On that Sunday, there was only Mephistopheles in sight. Grey cat was rolling in ecstasy all over the garden. She came to us and rolled around our feet and bit them. She rushed up and down the tree at the bottom of the garden. She rolled and cried, and called, and invited.
‘The most disgraceful exhibition of lust I’ve ever seen,’ said S. watching H., who was in love with our cat.
‘Oh poor cat,’ said H.; ‘If I were Mephistopheles I’d never treat you so badly.’
‘Oh, H.,’ said S., ‘you are disgusting, if I told people they’d never believe it. But I’ve always said, you’re disgusting.’
‘So that’s what you’ve always said,’ said H., caressing the ecstatic cat.
It was a very hot day, we had a lot of wine for lunch, and the love play went on all afternoon.
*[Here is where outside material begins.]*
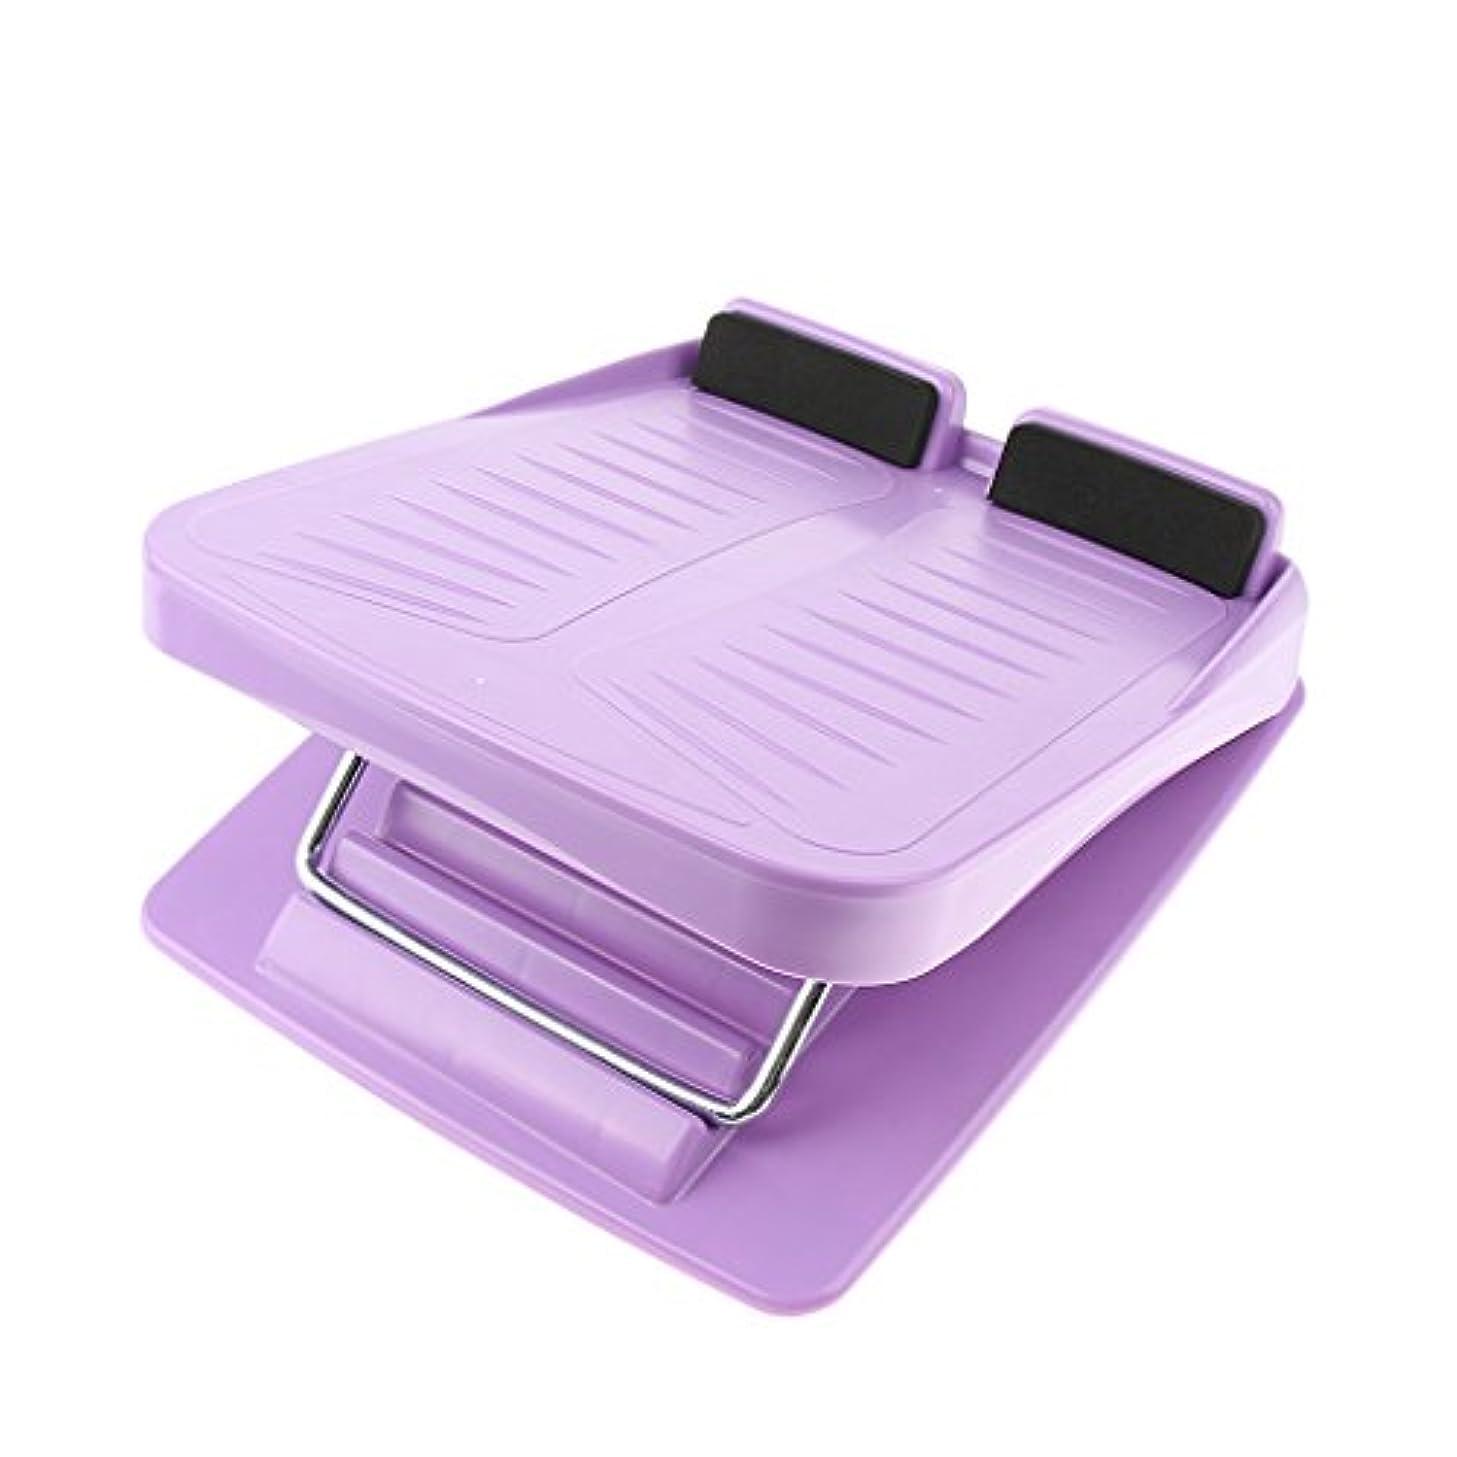 動的許可数学的な3色 スラントボード アンチスリップ 調整可能 カーフストレッチ 斜面ボード ウェッジストレッチャー - 紫の

Finally, Mephistopheles leaped down off the wall to where grey cat was wriggling and rolling – but alas, he bungled it.
‘Oh my God,’ said H., genuinely suffering. ‘It is really not forgivable, that sort of thing.’
S., anguished, watched the torments of our cat, and doubted, frequently, dramatically and loudly, whether sex was worth it. ‘Look at it,’ she said, ‘that’s us. That’s what we’re like.’
‘That’s not at all what we’re like,’ said H. ‘It’s Mephistopheles. He should be shot.’
Shoot him at once, we all said; or at least lock him up so that the young tiger from next door could have his chance.
But the handsome young cat was not visible.
We went on drinking wine; the sun went on shining; our princess danced, rolled, rushed up and down the tree, and, when at last things went well, was clipped again and again by the old king.
‘All that’s wrong,’ said H., ‘is that he’s too old for her.’
‘Oh my God,’ said S., ‘I’m going to take you home. Because if I don’t, I swear you’ll make love to that cat yourself.’
‘Oh I wish I could,’ said H. ‘What an exquisite beast, what a lovely creature, what a princess, she’s wasted on a cat, I can’t stand it.’
Next day winter returned; the garden was cold and wet; and grey cat had returned to her fastidious disdainful ways. And the old king lay on the garden wall in the slow English rain, still victor of them all, waiting.